_Exercise directions_.
Leave the pictures out. Retype exactly the lines below from the one containing "Rose Inc Hydrangea" through the one containing "Lehrbuch des Strafrechts", and no others.

_Source material_.
——————————
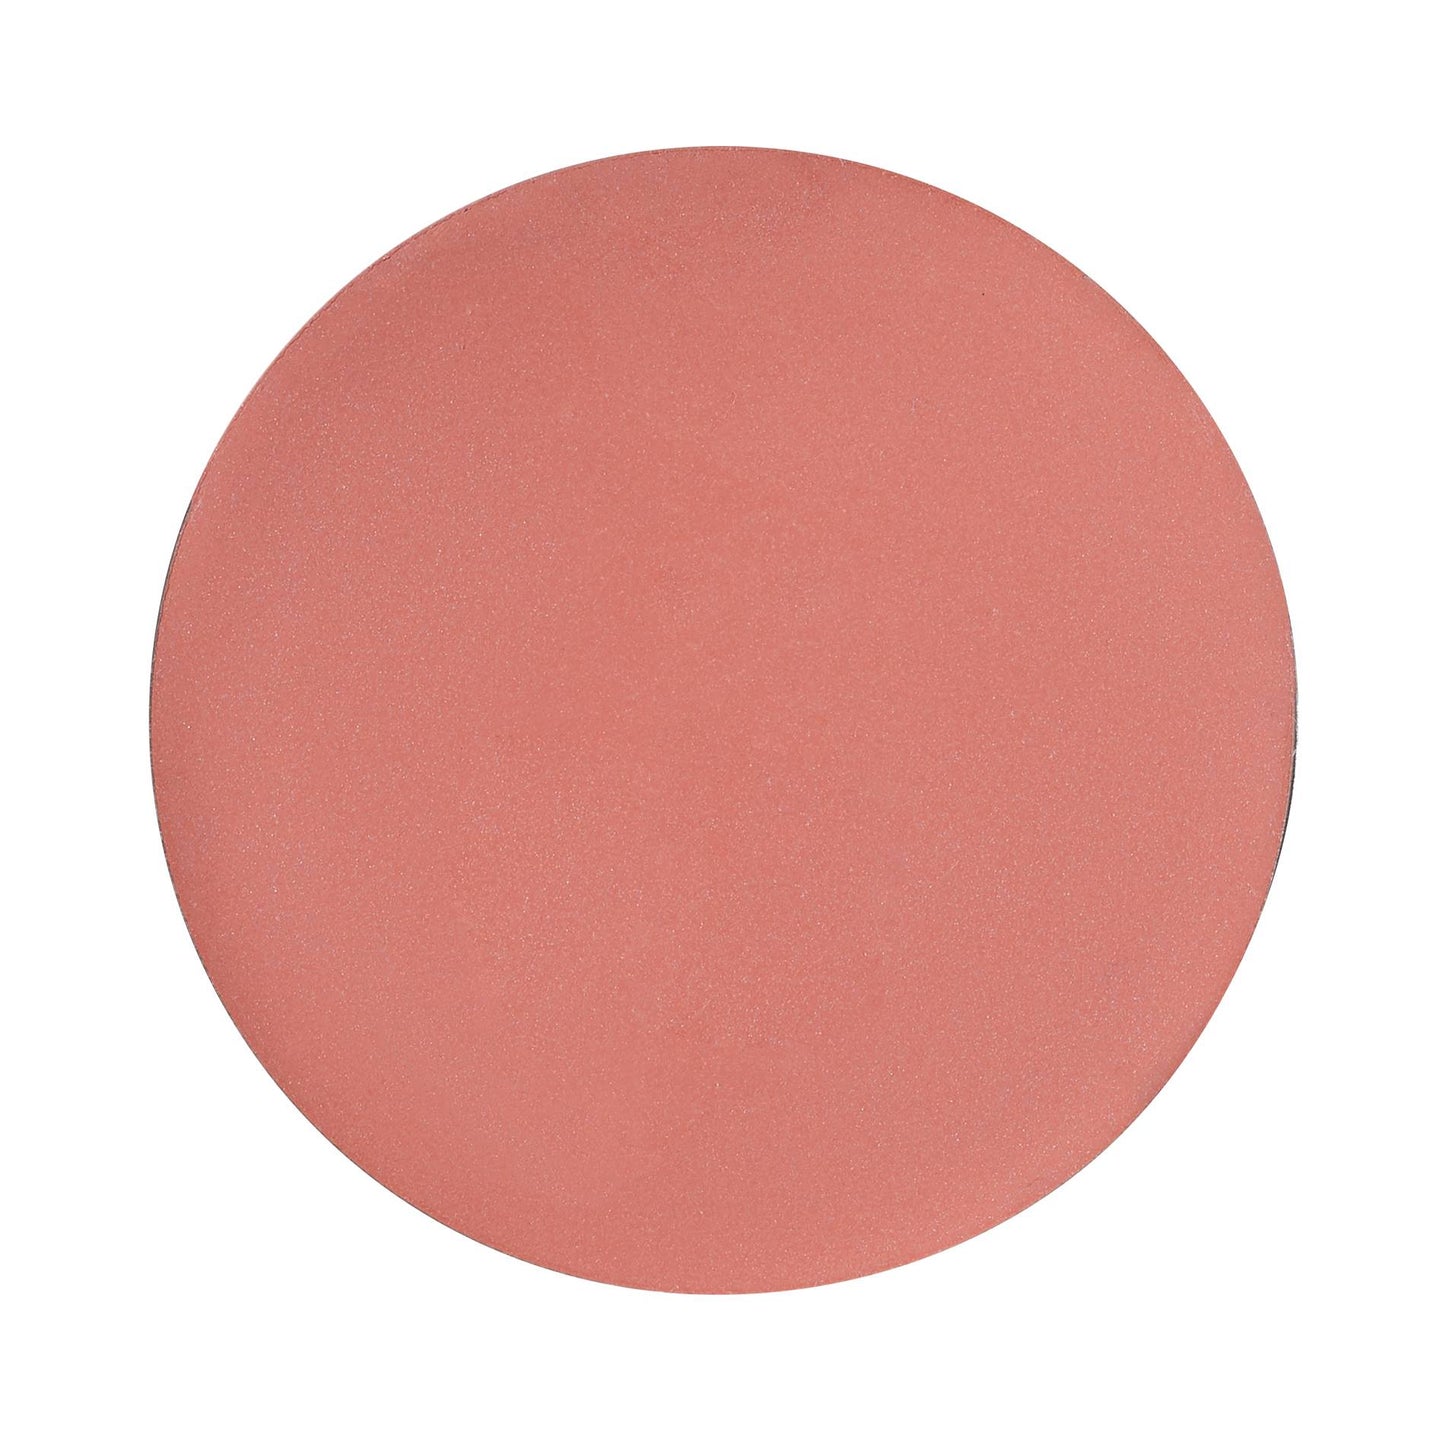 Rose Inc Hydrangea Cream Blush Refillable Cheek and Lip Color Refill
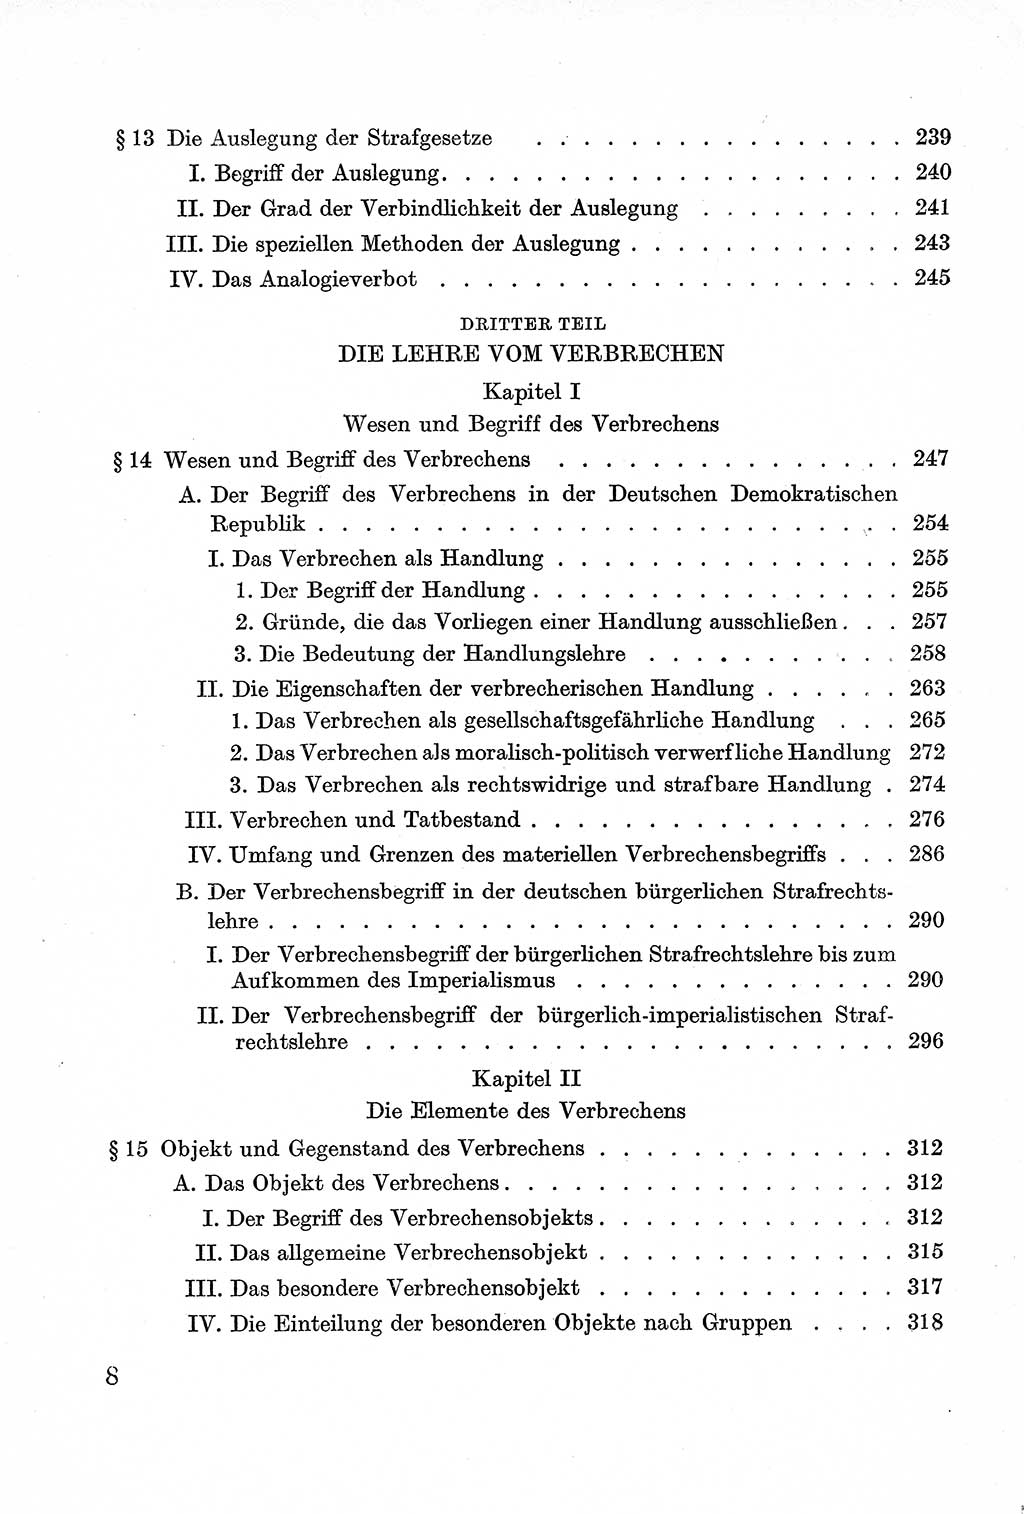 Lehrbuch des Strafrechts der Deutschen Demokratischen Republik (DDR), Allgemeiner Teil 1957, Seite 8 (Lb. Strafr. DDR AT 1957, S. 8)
——————————
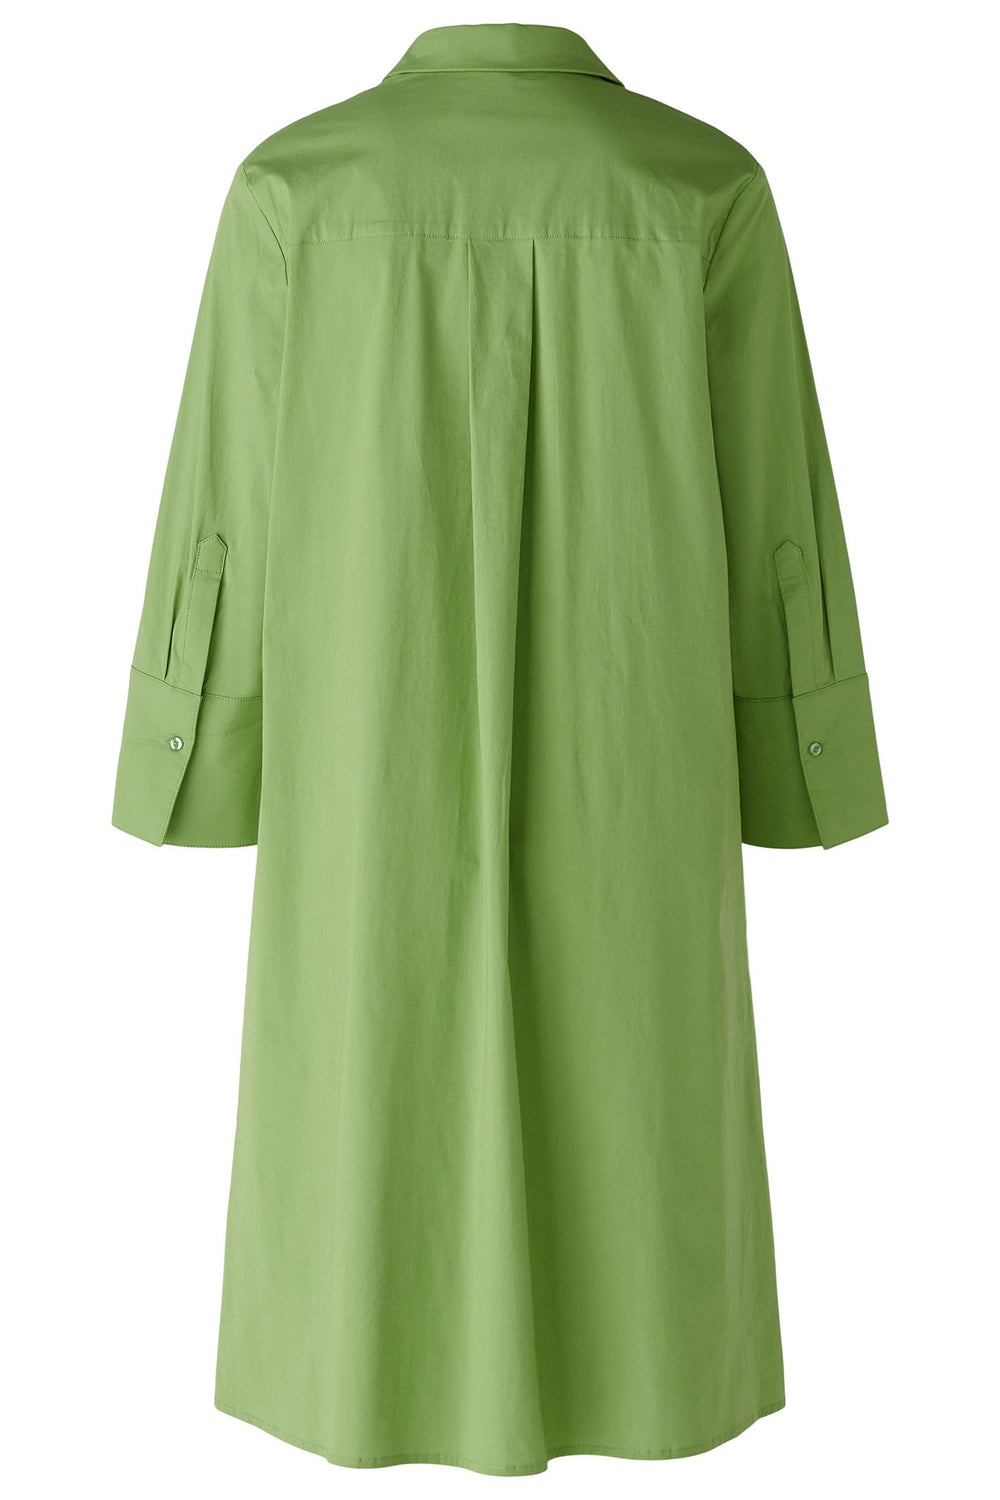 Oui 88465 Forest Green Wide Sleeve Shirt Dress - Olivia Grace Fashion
——————————
_Response_.
 Rose Inc Hydrangea Cream Blush Refillable Cheek and Lip Color Refill
 Lehrbuch des Strafrechts der Deutschen Demokratischen Republik (DDR), Allgemeiner Teil 1957, Seite 8 (Lb. Strafr. DDR AT 1957, S. 8)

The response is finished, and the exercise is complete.